Dooley: But this team won 3 SEC championships, the national championship, you know, and then the Cotton Bowl -- after Herschel left -- because that was the same team minus Herschel.
Legge: Right. What was it like defeating Texas down there? When they were going for the championship basically in their own place.
Dooley: Well, it was, I think one of the great wins that we had. At that moment, we might have thought it was the greatest, but the greatest was beating Notre Dame in the Sugar Bowl.
Legge: So you have no doubt, Notre Dame, that game was …

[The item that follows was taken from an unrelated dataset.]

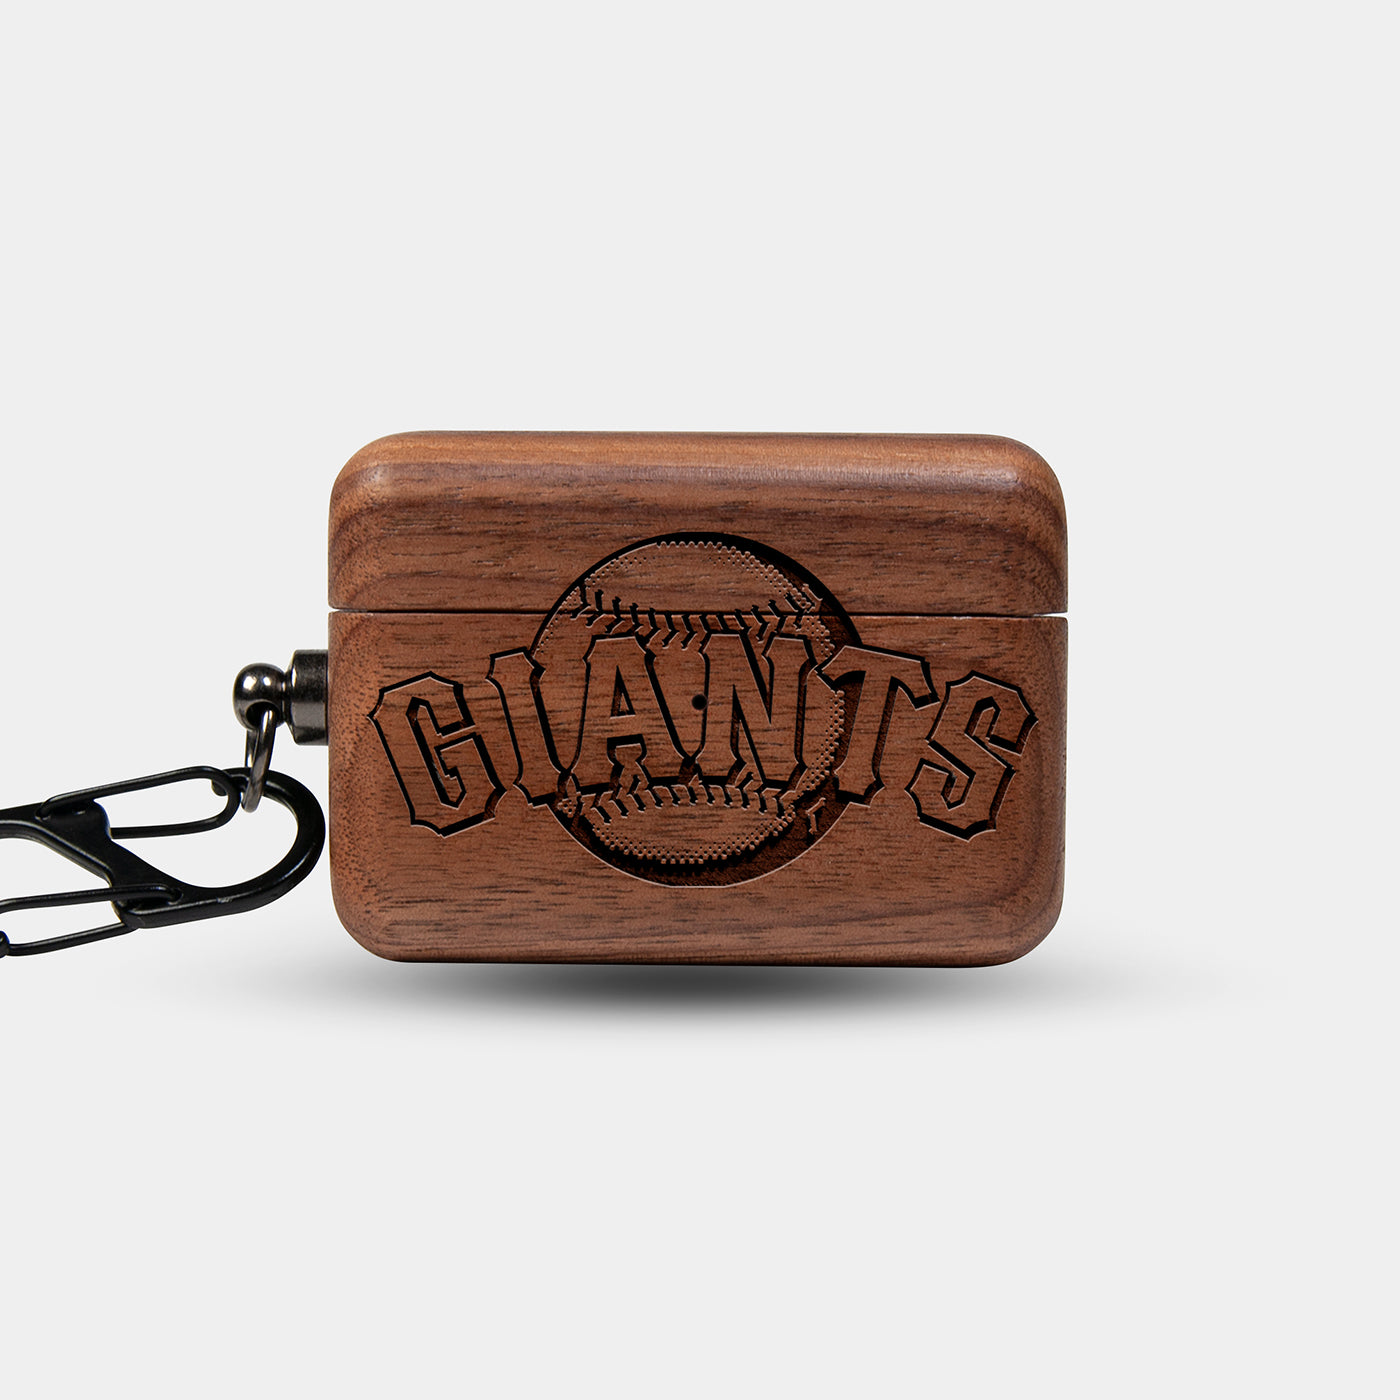 Custom San Francisco Giants AirPods Cases | AirPods | AirPods Pro | AirPods Pro 2 Case - Carved Wood Giants AirPods Cover - Eco-friendly San Francisco Giants AirPods Case - Custom San Francisco Giants Gift For Him - Monogrammed Personalized AirPods Cover By Engraved In Nature

Dooley: Well it was because of what it meant. It wasn’t our best game but the result of it, winning the national championship. You know, two years later we beat Texas and at that moment, you think that was even greatest but in reality, it wasn’t
Legge: Damon Evans was on the cover of Dawg Post last month; how do you think that he will lead Georgia. Not just Damon, but how you think that the Athletic Association will survive without you when you have been there for 40 years?
Dooley: Well, I think he will survive well because it’s a good program; it’s a good organization. We’ve got excellent people. I think that it would have been a very bad mistake to have destructed that. This was a program that was built over 40 years. Now I probably have the best group of coaches and the best group of administrators that I have ever had. I am consoled by the fact that Damon is the one who I had picked a year ago or more. I felt like he would be the best one to succeed me... (laughing) in a couple of more years. As you know, I wanted to stay on a few more years. I thought that would help him… the few more years of experience. But I think he’s ready and I think that he’ll do great. I’ll be there to try to help him anyway that I can. But I have no doubt that he will, because he has got such a good group with him. I mean he’s got Claude Felton, who has been with me… that was the first hire that I made as Athletic Director. That will help Damon; he needs that kind of maturity. They will be a great team. I have all of the confidence, (that he will) not only sustain the program, but he will take it to even greater heights.
Legge: Coach, one last question and this time it really will be the last question. I know you’re extremely busy. Was there one poignant moment in the last forty years? I was one of the last people in the locker room after the Kentucky game and it seemed kind of like you didn’t want to leave, that that was kind of your home, that that was what you did. Was there a moment like that that hit you recently or…?
Dooley: You mean in this last Kentucky game?
Dooley: Well, I tell you there have been a lot of those moments for Barbara.
Dooley: Yeah. She feels this very much--this is the last time this, this is the last time that…She’s very emotional. And she has felt…We just got back from a senior administrator’s retreat that has become quite a tradition for us and so it will be the last one and she got emotional about that. Not in front of people, but when we got back to the room. But that’s probably a good balance, because I’m usually fairly level and I accept things, but on the other hand, she provides the heart of matters and the spirit and I think that’s good, so we’ve been a good team in that respect.
Legge: Well, Coach, I’m very young and very new to this whole thing, but like I told you when we were in Baton Rouge, you have meant a lot of things to a lot of different people and I view it as nothing but positive so I wish you good luck.
Dooley: Well, I appreciate it. And I look forward to the last edition (of the year for Dawg Post).